Page 104
Story: The Shadow Key
At this the housekeeper stops in her tracks. Behind her, Linette shoots Henry a look of alarm.
‘What do you mean?’
He nods at the door. ‘Open it and I shall tell you.’
The scent of gorse is pungent: vanilla and coconut, cloying sickly with the scent of beeswax. Protection, Rowena said. But, Henry thinks grimly, what exactly does it protect against? Demonic spirits? Or evil intentions?
He crosses the room, past the housekeeper’s truckle bed, through into Gwen Tresilian’s bedchamber where he lays her gently down on the coverlet. Immediately the old woman moves to join her mistress, but Henry raises the flat of his hand to stop her.
‘Stay where you are, Mrs Evans. I’m afraid you have some explaining to do.’
The housekeeper watches him, eyes wide as moons. ‘No,’ she whispers. ‘I cannot.’
‘Enaid?’ Linette asks, leaving her vigil in the doorway and stepping further into the room. ‘What does Henry mean?’ She looks between him and Mrs Evans. ‘What is going on?’
The woman does not answer. Linette, Mr Dee and Rowena watch. Henry clears his throat.
‘Aside from her general lack of speech, and the fits – as she demonstrated to spectacular effect just now – in the main, Lady Gwen appears to be in tolerable health. Even so, there can be no denying that all is not well with your mistress. You keep her locked away in these two rooms. She never comes downstairs to eat, except that once when Linette had her dine with us. The only time I’ve been privy to one of her daily walks about the house is when, a few days ago, I found her alone in the garden.’
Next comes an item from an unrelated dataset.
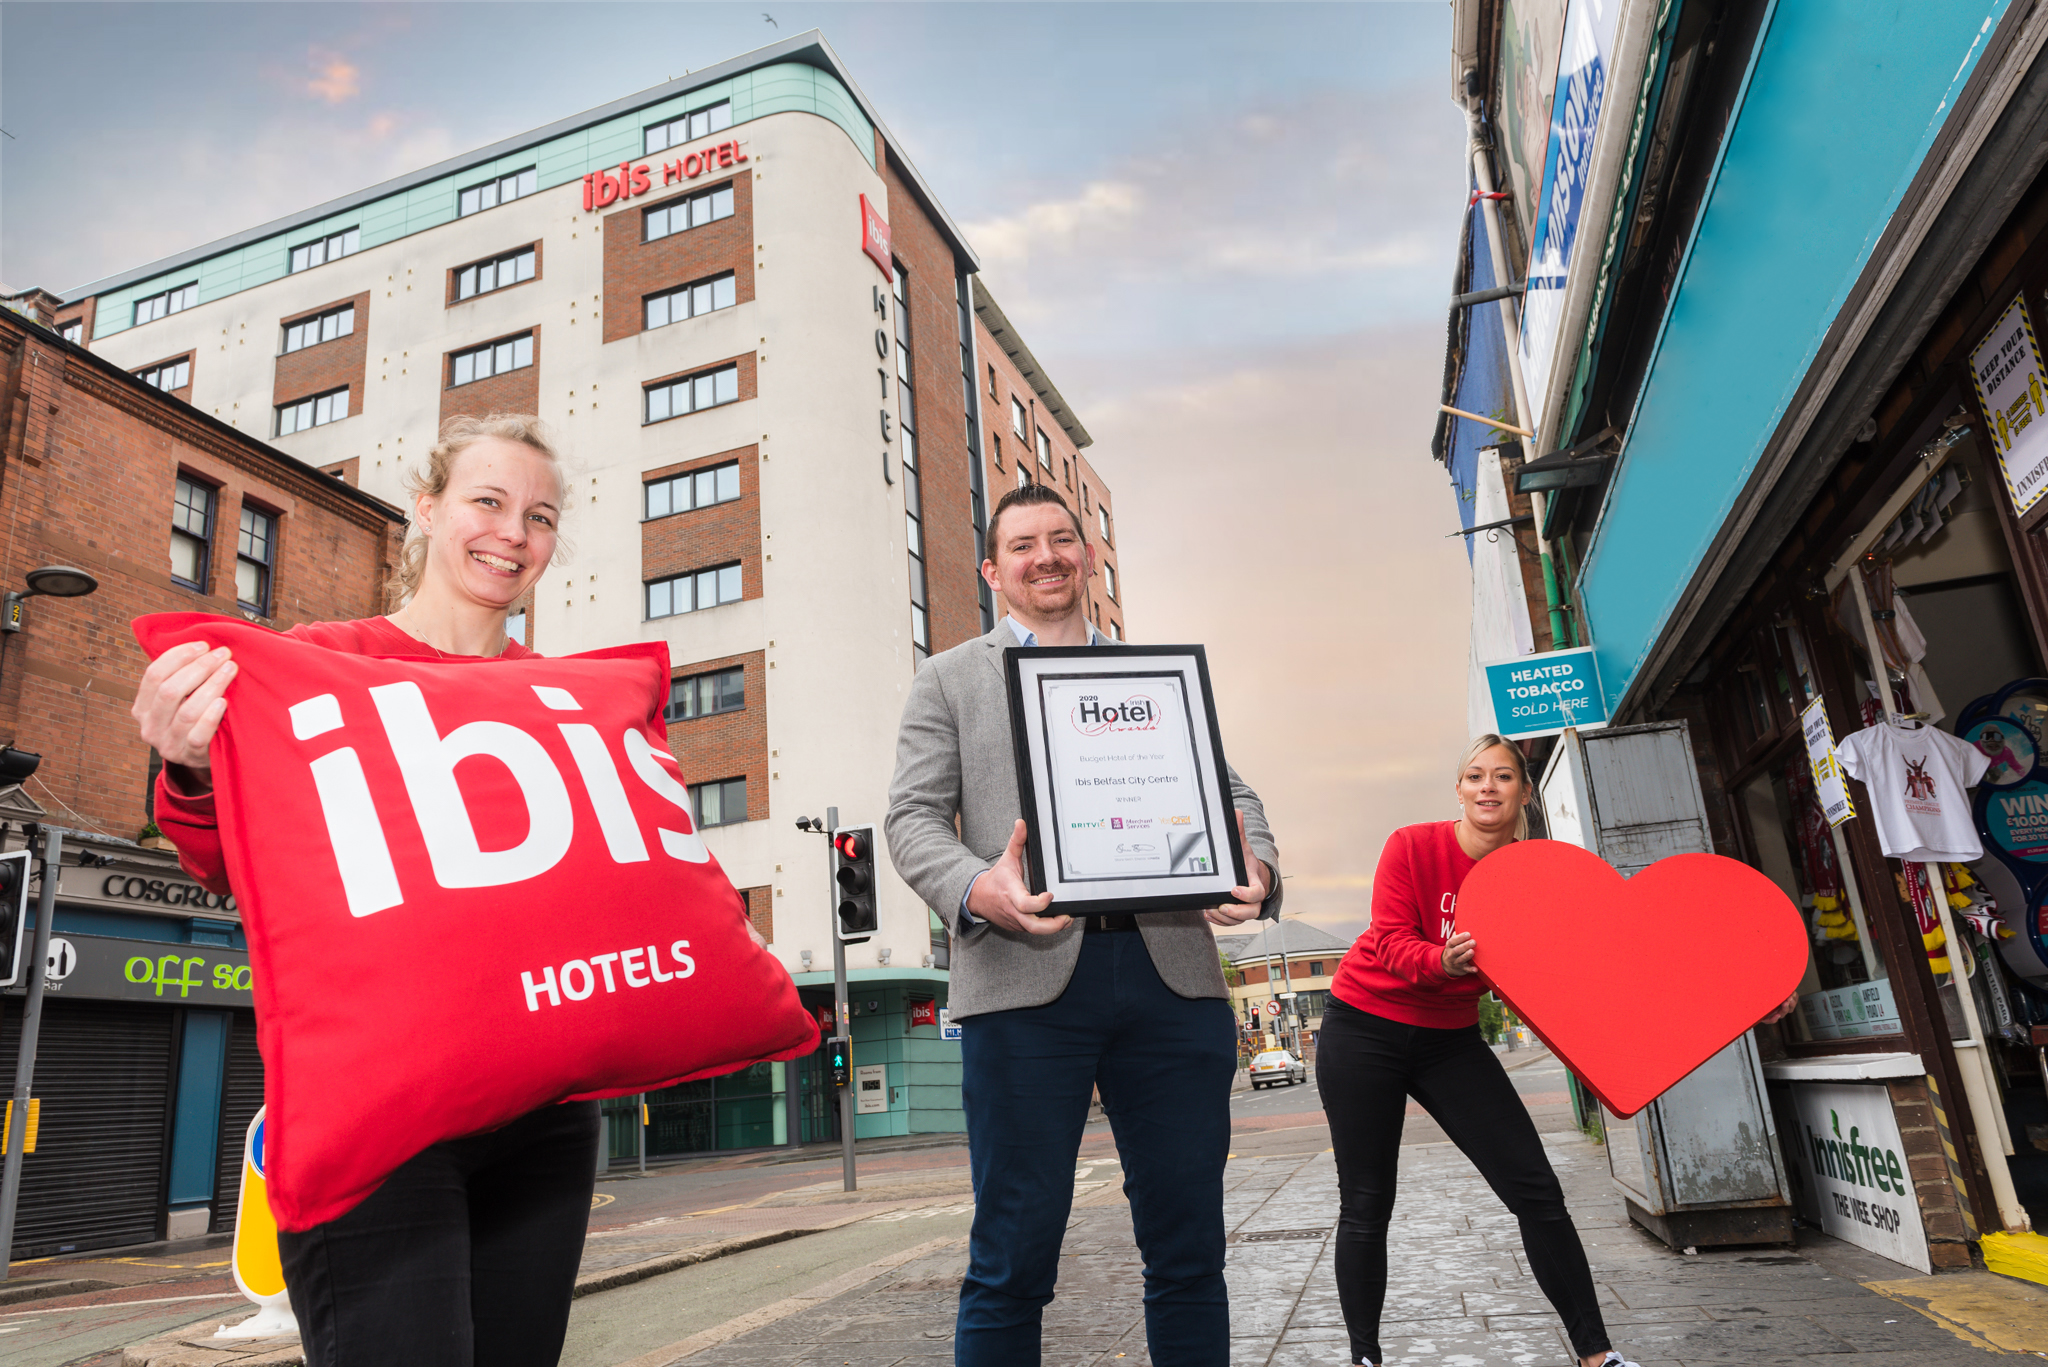 Ibis Belfast named ‘Best Budget Hotel in Ireland’

Something shifts in the housekeeper’s face.
‘I think we can all agree that Gwen Tresilian is barely present in her own mind. So it’s interesting, is it not, that she and I had a perfectly sane conversation before Mr Powell interrupted us.’
‘You never told me.’ Linette, this, staring at him across the dim room, confusion writ on her face.
‘I’m telling you now.’ Henry looks again to the housekeeper. ‘What do you have to say about that, Mrs Evans?’
The old woman hesitates. ‘It is true there are times she is more aware, shall we say, than others. Linette herself has told you that.’
‘Indeed. But when are those times? Perhaps,’ Henry says, eyes narrowing, ‘when the tincture you give her wears off?’
Linette looks then from Henry to Enaid.
‘What tincture?’
‘The tincture found in the vials she keeps in a box underneath the bed.’
A beat. Linette stares. Henry clears his throat.
‘Do you realise pupils widen when a person is drugged? Ordinarily this widening happens when the eye is subject to the dark. If you look at yourself in the mirror now, you’ll see what I mean. The term,’ he continues, ‘is “papillary response”, and it should not occur in daylight. Yet that day in the garden your mother’s eyes were dilated even though we were outside in full sun. I confess I did not mark it fully at first … not until I saw the same papillary response in Mr Dee last week.’
At the doorway the vicar’s face clears.
‘Ah,’ he says. ‘That is why you left in such a hurry.’
‘It is. I should have marked it long before then but I never had the opportunity. Clever of you, Mrs Evans, to keep the curtains drawn to disguise the fact.’
Even though the light is dim in the bedchamber, Henry sees how pale Linette has become. She watches as Mrs Evans reaches for the armchair by the bed and sinks down into it, puts her head in both hands.
But Henry will not feel pity.
‘I returned to the house immediately, went directly to her rooms. Your mother, Linette, was unconscious.’
‘Unconscious?’
‘Yes, for I cannot in good conscience say she was asleep. Thankfully Mrs Evans was not there so I took my chance; I opened the curtains and tested my theory.’ Henry’s lips thin. ‘There was no natural reaction to daylight – her eyes remained fully dilated. I searched the room, found under the bed a box of glass bottles, the contents of which I did not recognise. It was not laudanum. So I took one.’
On the chair, Mrs Evans’ shoulders shudder in silent sobs. Henry bends down, reaches under the bed. There is a clatter of glass as he pulls the offending box from beneath. He places it onto the coverlet and removes one of the strange grey-glass vials, holds it up to the scant light.